I re-read Sándor Szathmári's classic Voyage to Kazohinia a few days ago, savoring it afresh. Kazohinia consists of two societies: the extreme rationalists the Hins, and the extreme irrationalists the Behins. Twice Gulliver's Hin advisor Zatamon explains the dysfunction that is subjectivity in the brain's reception of the sun's cosmic rays, in chapter 8 while Gulliver resides among the Hins and in chapter 18 after Gulliver is rescued from the Behins.

I am presenting a priceless passage which I highlighted in my previous reading and in this one. The bikru are the rare prophets and sages among the Behins who are routinely martyred, deified, and whose wisdom is ignored or violated. But Zatamon finds a fatal flaw in them:
"The Behin' s brain doesn't separate self-radiation from the cosmic rays and that the receiver distorts in a complicated manner only confirms the fact of distortion. The more they know the more foolishly they will think; the hungrier they are the more food they will throw out; the less struggle required to produce our daily bread, the more they will kill each other for it; and when they writhe hungrily, sick and suffering they will hope to regain their strength through the "breath" of the mufruk, the kipu, the boeto, the yellow pebble or the salvation of the knife."

"There were also quite sensible Behins," I put in. "I heard of some bikru..."

"Yes, there are ones whose intellect understands the necessity of the kazo but their being is still Behin and this renders their way of thinking imperfect and prevents them from achieving full perception."

"What do you mean by that?"

"Their obsessions are characteristic of the Behins. The imagined misbeliefs."

"And what of the bikru?"

"Don't speak of 'the' bikru. You shouldn't think that they had only one bikru. There were several. Perhaps, you, too, might have become one of them."

"Indeed?!" I looked at him flabbergasted.
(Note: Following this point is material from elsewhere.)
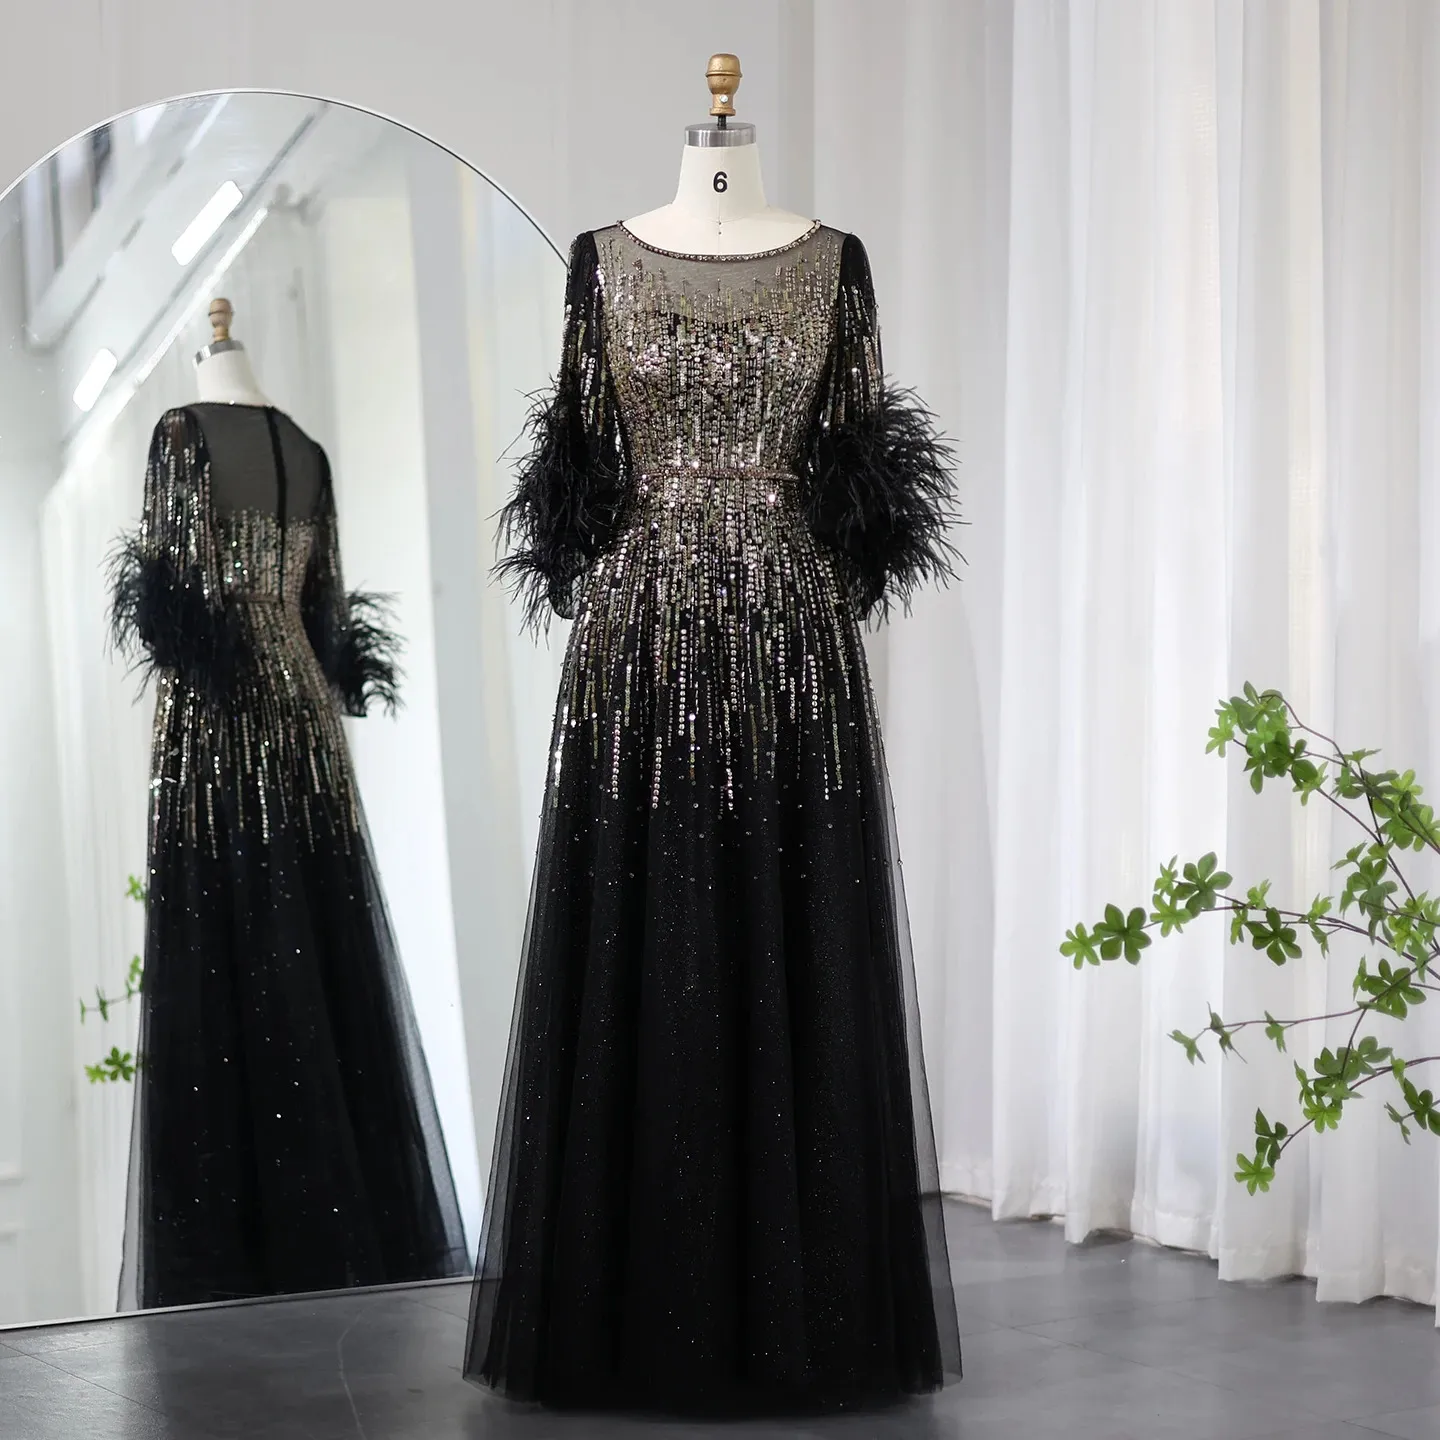 Sharon Said Plumes de luxe noir Dubaï robes de soirée pour les femmes élégant Fuchsia arabe demi manches robe de soirée de mariage SS339 240201

"Yes. They burn every bikru first. Later they recognize him because, as you yourself have seen, they have minds but the self-radiation doesn't allow them to dominate clearly and as soon as it comes to words, to say nothing of deeds, everything becomes reversed. The bikrus, however, have the ability to manifest their intelligence but, as I have said, in their being they are Behins and they are not free of imperfections and fixed ideas."

"Of fixed ideas? What is this fixed idea?"

"To be a bikru is also in fact a monomania; the erroneous belief that with the Behins there is a connection between the heard word and the brain. A bikru is a Behin whose only Behinity is that he doesn't realize among whom he lives; for it could not be imagined, could it, that somebody who was aware of the Behinic disease would still want to explain reality to them."